5.4 Compare last year’s downloads with the earliest release date
Finding: R-packages that are initially released earlier on CRAN tend to have a higher download count in the past year. This perhaps is because in earlier times, there were fewer R-packages in the same category, so users had ‘no choice’ but to use them. Due to this, these R-packages accumulate a certain user base, which makes it more possible to attract new users.
In our common cognition, we may assume that the earlier a R-package is released, the more people will know about it, and thus the more downloads it will have. However, R-packages related to different topics cannot be directly compared, because it is possible that the total download amount of R-packages in a certain topic is higher than that in another topic. Therefore, in order to test this conjecture as clearly as possible, we selected three domain R-packages through CRAN task view(n.d.b), calculated their respective downloads in the previous half a year, and extracted their earliest release dates for comparison. Those three topics are :
- R-packages for Time Series Analysis
The first topic is Time Series Analysis. Time Series Analysis is a statistical technique that deals with time series data, or trend analysis. Time series data means that data is in a series of particular time periods or intervals(“Time Series Analysis” 2020).
- Bayesian R-packages for general model fitting
The second topic is Bayesian Inference. Bayesian statistics is a mathematical procedure that applies probabilities to statistical problems. It provides people the tools to update their beliefs in the evidence of new data(perpetual 2019).
- Econometrics R-packages
In order to test whether this is the case in other areas, the last topic is for econometrics R-packages. Econometrics is the use of statistical methods using quantitative data to develop theories or test existing hypotheses in economics or finance, which relies on techniques such as regression models and null hypothesis testing(Hayes 2020).

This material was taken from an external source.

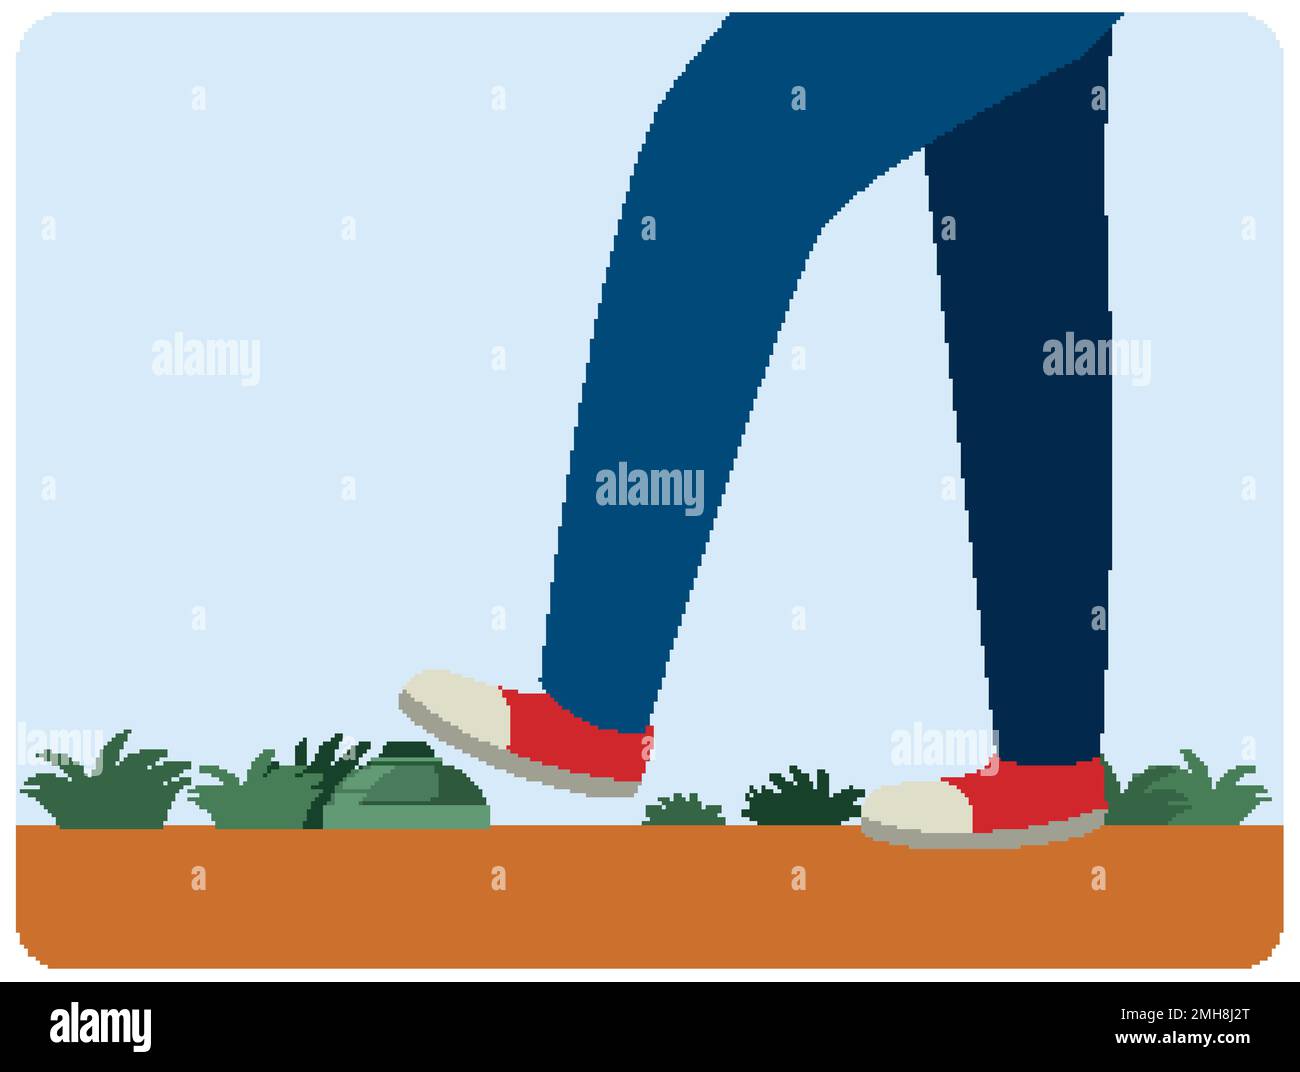 A man almost step on a landmine illustration Stock Vector

Figure 5.10 displays the scatterplot of the past year’s download count and the earliest release date for Time Series Analysis
, Econometrics
and Bayesian
R-packages. It can be seen that generally, as the earliest release date gets later and later, the number of download logs becomes lower and lower. And for Time Series Analysis
R-packages, they are mainly released between 2012 and 2019. For Bayesian
R-packages, most of the R-packages are from 2007 to 2012. And most Econometrics
are centered between 2013 and 2016.

Figure 5.10: The download count decrease with the initial release date.
In conclusion, we are not surprised to find that the earlier the R-package is released, the more downloads it could has, which is reflected in all of three topics of R-packages above. That is probably because the R-packages released earlier will be better known. When they are released early, there may be a relatively small number of R-packages of the same topic, under non-serious competition. As a result, the R-packages coming later can easily be covered up, since people generally tend to use well-known, mature and habitual packages.
That is to say, earlier R-packages are more conducive to the cultivation of user habits. After all, habits are influenced by the length of time. For example, if the teacher is an old user of some R-packages, they may recommend these R-packages to their students when they teach, or colleagues may prefer to recommend familiar R-packages to others especially when they get a satisfying user experience.